Data section: Begin

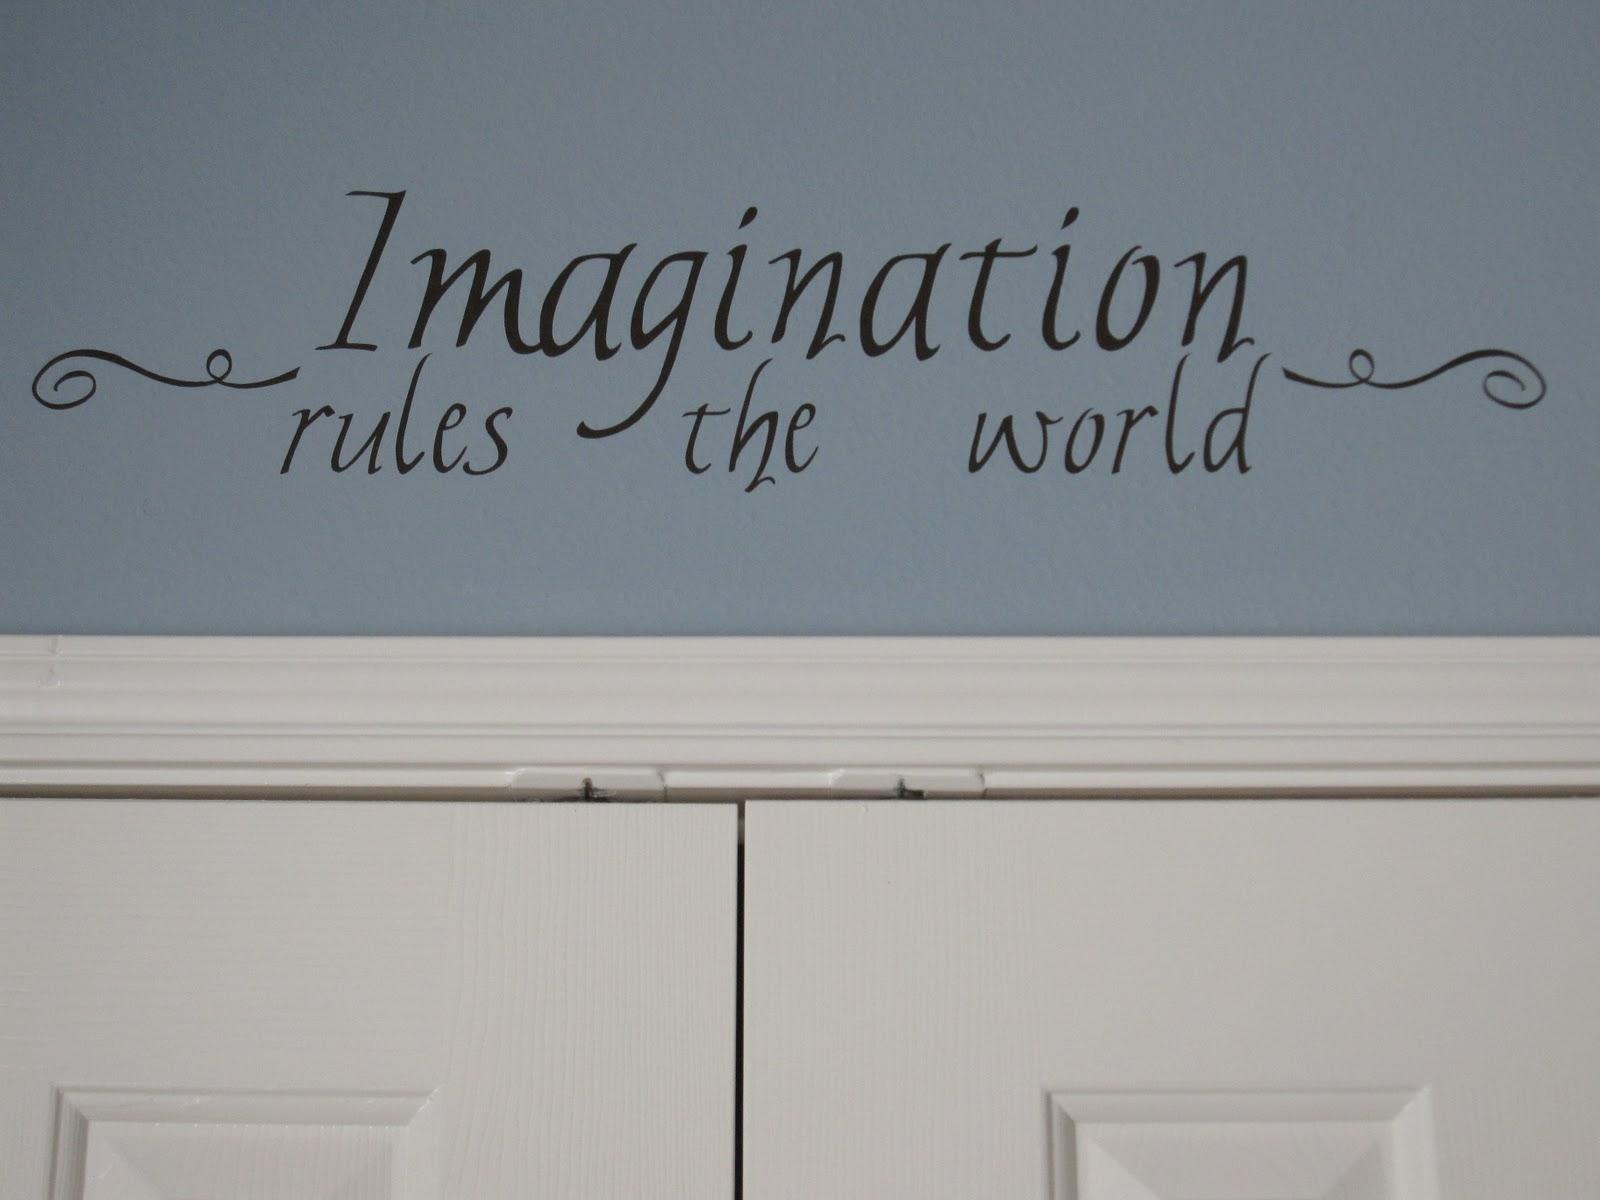 craft room wall quotes quotesgram. Black Bedroom Furniture Sets. Home Design Ideas
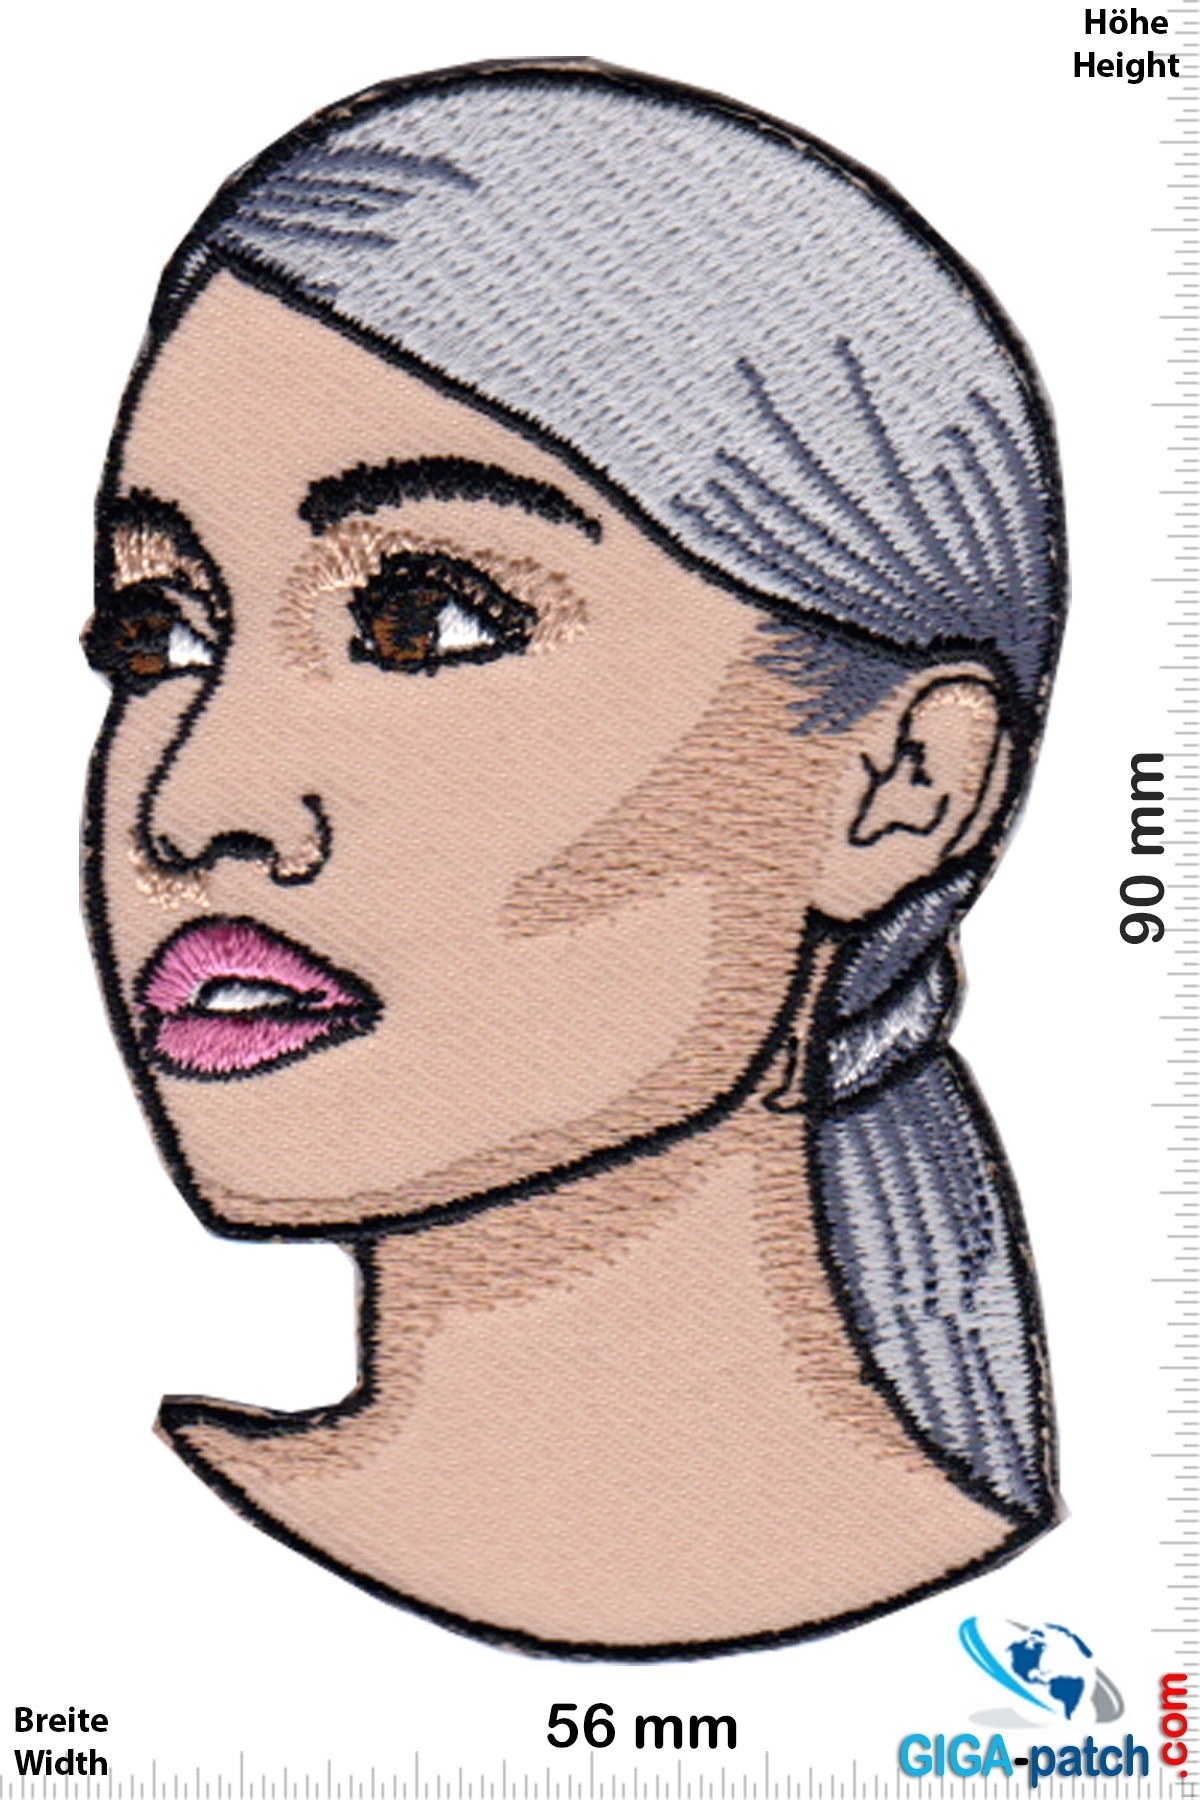 Ariana Grande-Butera - Head
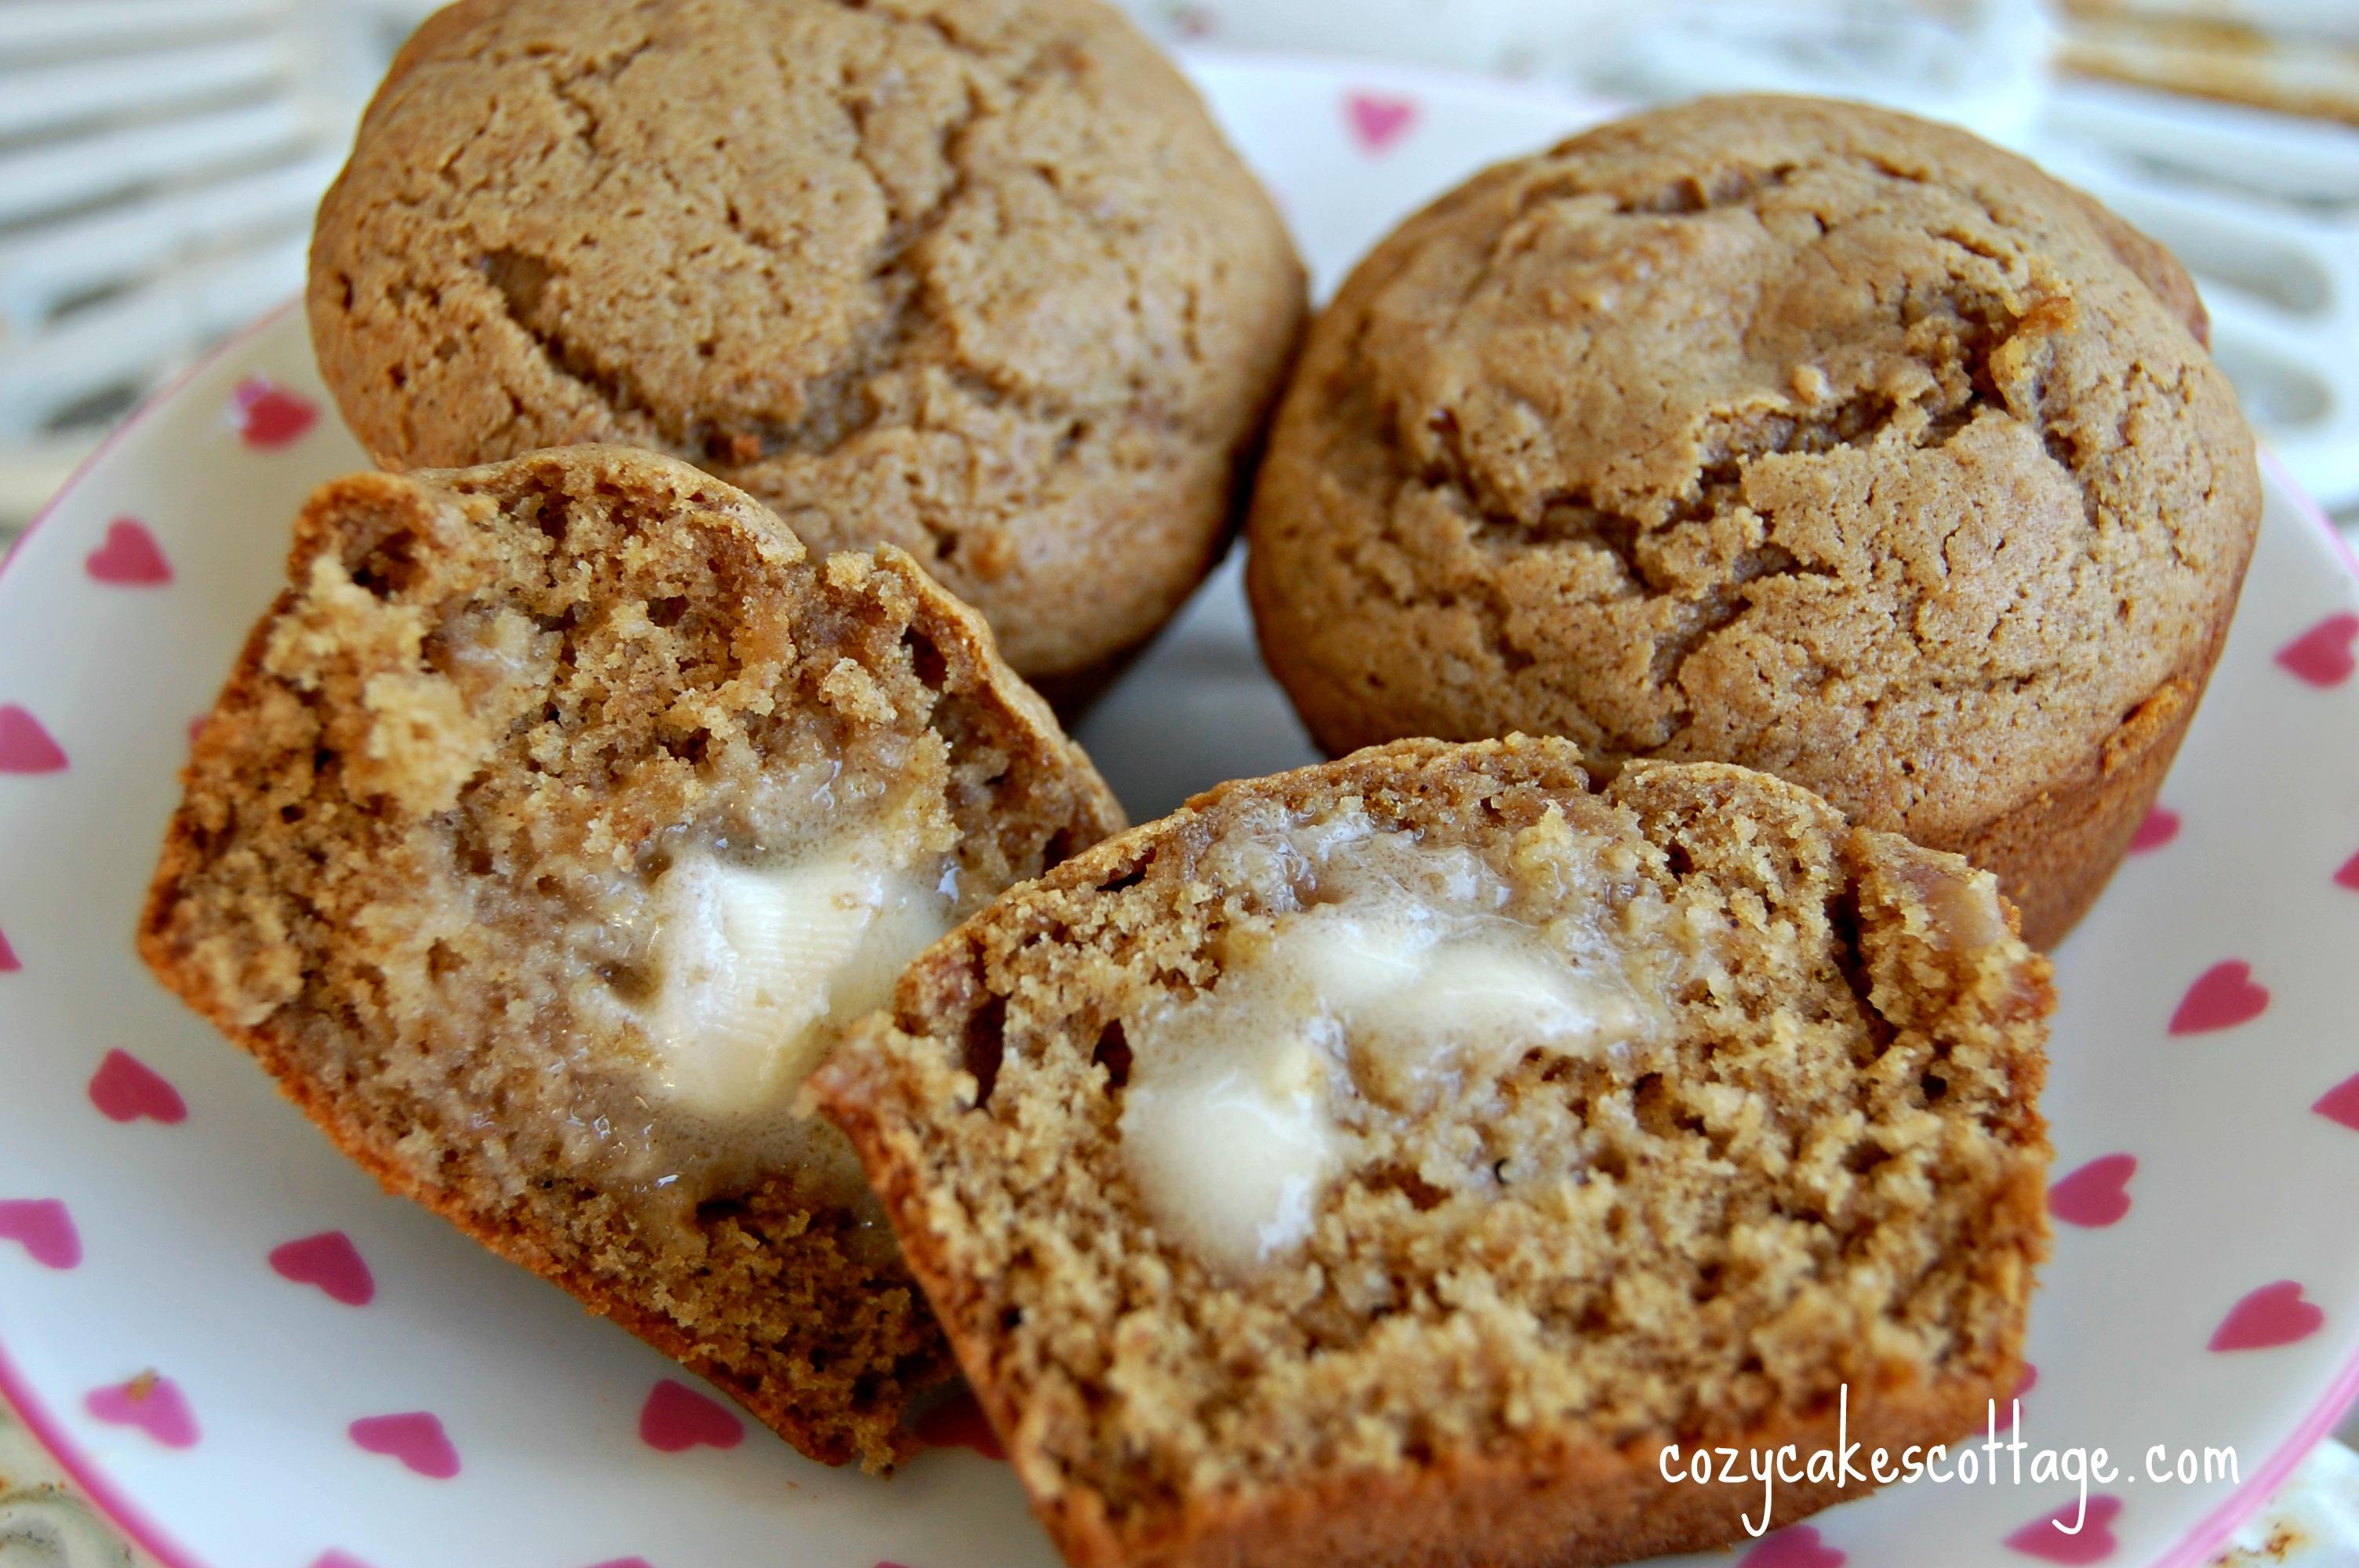 Recipe: Applesauce muffins | Cozycakes Cottage

Data section: End

# Work instruction:
The reply has to reproduce every line above verbatim and contain no pictures.

# Solved problem:
 craft room wall quotes quotesgram. Black Bedroom Furniture Sets. Home Design Ideas
 Ariana Grande-Butera - Head
 Recipe: Applesauce muffins | Cozycakes Cottage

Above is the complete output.